A l’aide de ce circuit, différents paramètres ont pu être déterminés lors des trois étapes de construction du biocapteur (formation du film de CNT, polymérisation et immobilisation de la

Tableau 8 : Tableau rassemblant les valeurs des courants cathodiques obtenues par voltampérométrie cyclique (Ipcath), les valeurs du module d'impédance à 0,2 Hz (Z0,2Hz) et les valeurs des éléments composant le circuit équivalent (R1, CDC, Rdiff) obtenues par extrapolation des courbes d’impédance et ce pour les différentes étapes de construction du biocapteur (après le dépôt de CNT, après polymérisation et après incubation de la toxine de la dengue) ainsi que pour le film de CNT utilisé lors des travaux sur le choléra.

CNT (cholera) CNT (dengue) Polymère Toxine Ipcath /A -2,90×10-4 -4,8.10-4 -3,4.10-4 -2,9.10-4 Z0.1Hz / Ohm 404 ± 2 276,6± 2 338,5 ± 2 459,6± 2

CDC / μF 92 ± 2 660 ± 20 610 ± 20 300 ± 10 Rdiff / Ohm 230 ± 4 180 ± 3 273 ± 5 366 ± 6

Les deux premières colonnes de ce tableau permettent de comparer les valeurs des composants électriques des films de CNT, obtenus par utilisation du circuit électrique équivalent, pour les deux systèmes étudiés, à savoir le capteur pour la détection de l’anticorps de la toxine du choléra et celui pour la détection de l’anticorps de la toxine de la dengue.
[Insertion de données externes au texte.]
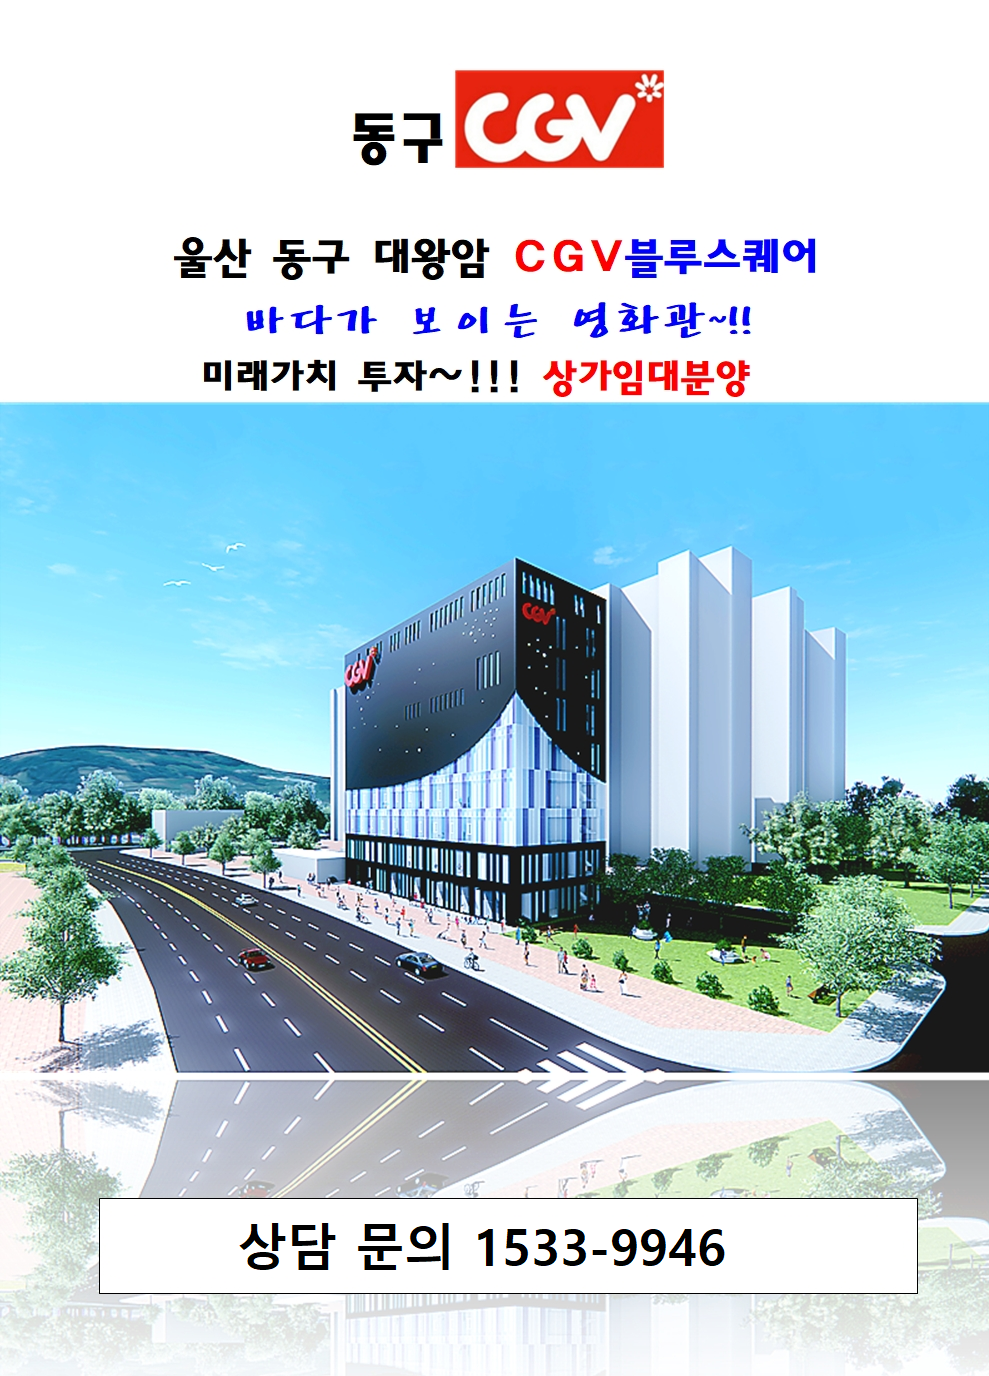 울산 동구 대왕암 CGV 상가 분양 정보

Une forte différence au niveau des valeurs du module de l’impédance à 0,2 Hz et de la capacité de double couche peut être notée avec une capacité de 92 µF dans le cas du choléra contre 660 µF dans le cas de la dengue. Cette différence rejoint donc les observations réalisées précédemment par mesure de conductivité et montre que les CNT utilisés dans le cas de la dengue permettent l’obtention d’une surface active électrochimique bien plus grande. Cette observation est également traduite par la diminution de la résistance de diffusion (230 ohms contre 180 ohms pour les travaux sur la dengue).

Concernant le biocapteur pour la détection de l’anticorps de la dengue en lui-même, une diminution de la capacité de double couche peut être observée pour chaque étape impliquée dans la construction du biocapteur. La première a lieu lors du recouvrement des CNT par la couche de polymère de pyrrole-NHS. Cette variation (de 660 à 620 µF) est due à la diminution de la surface active de l’électrode lors de la formation du polymère.

Une seconde diminution, plus importante (de 610 à 300 µF), a lieu lors de l’ancrage de la toxine à la surface de l’électrode. Comme dans le cas des travaux sur le choléra, cette forte diminution traduit la gêne stérique engendrée par l’immobilisation d’une molécule à fort poids moléculaire (48 kDa dans le cas de la toxine de la dengue299,300) et donc la forte modification de la surface active en résultant.

Concernant la résistance de diffusion, déterminée à partir des éléments composants le Warburg, celle-ci augmente lors des différentes étapes de formation du système. La première augmentation est constatée lors de l’introduction du film de poly-pyrrole-NHS qui, en plus de diminuer la surface active des CNT, introduit une fonction ester et donc induit une répulsion entre la surface de l’électrode et le couple [Fe(CN)6]3-/4- utilisé comme sonde redox et chargé négativement.

L’immobilisation de la toxine conduit elle aussi à une augmentation de la résistance. Celle-ci, en plus de son fort poids moléculaire, possède un point isoélectrique de 5,7301. Elle est donc chargée négativement à un pH de 7,4 et crée donc une nouvelle répulsion entre la toxine et la sonde redox, augmentant de ce fait la résistance de diffusion.